Top of Supplied material

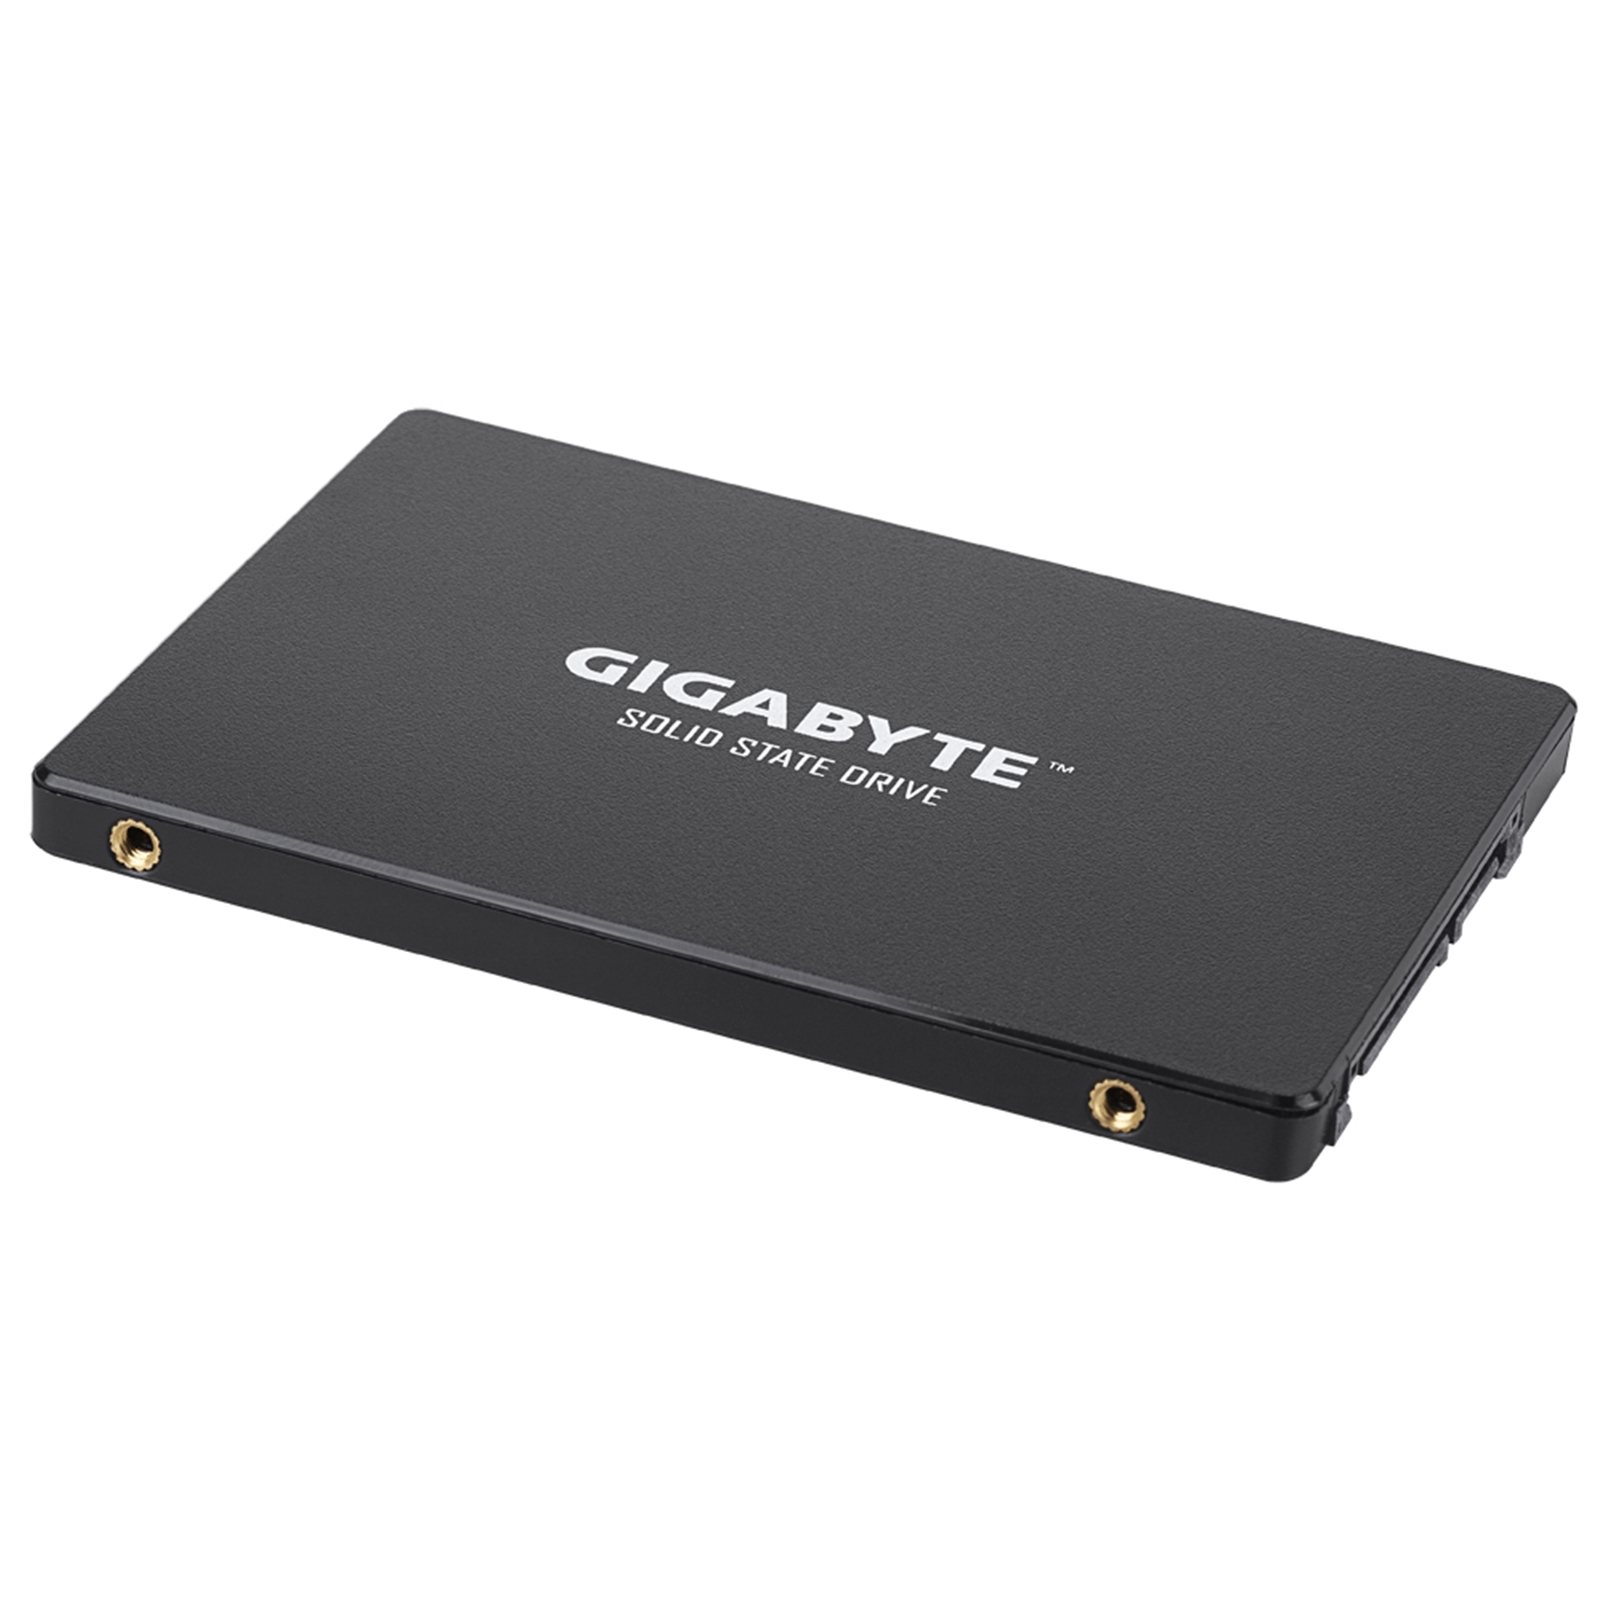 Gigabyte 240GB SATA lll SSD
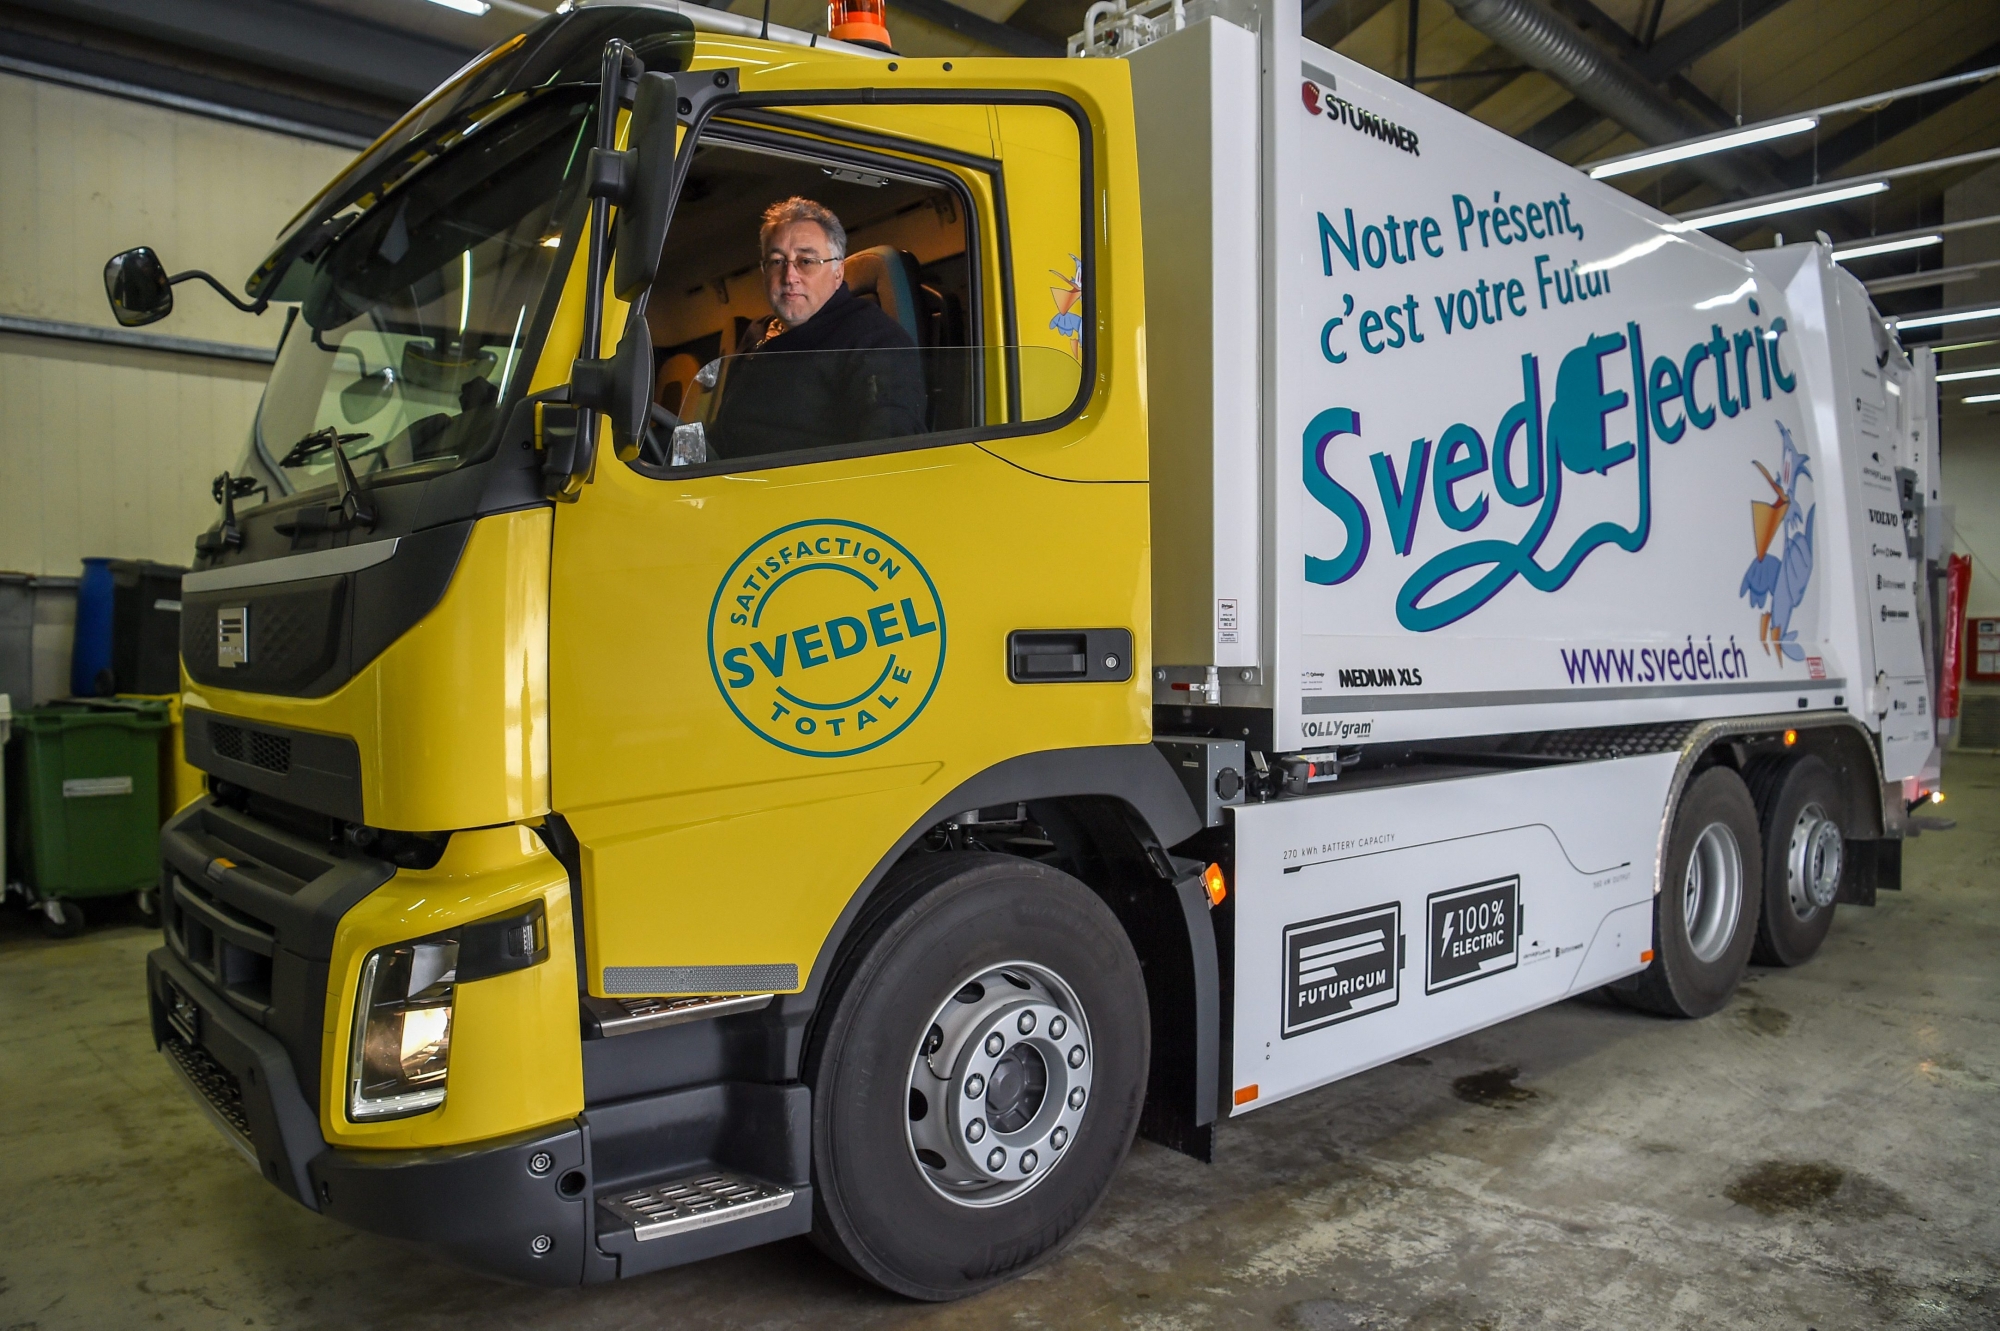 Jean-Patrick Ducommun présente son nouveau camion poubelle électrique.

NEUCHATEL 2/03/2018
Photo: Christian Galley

Bottom of Supplied material

*Directions for this task*. Retype all the data exactly. Omit pictures.

*Answer box*.
 Gigabyte 240GB SATA lll SSD
 Jean-Patrick Ducommun présente son nouveau camion poubelle électrique.

NEUCHATEL 2/03/2018
Photo: Christian Galley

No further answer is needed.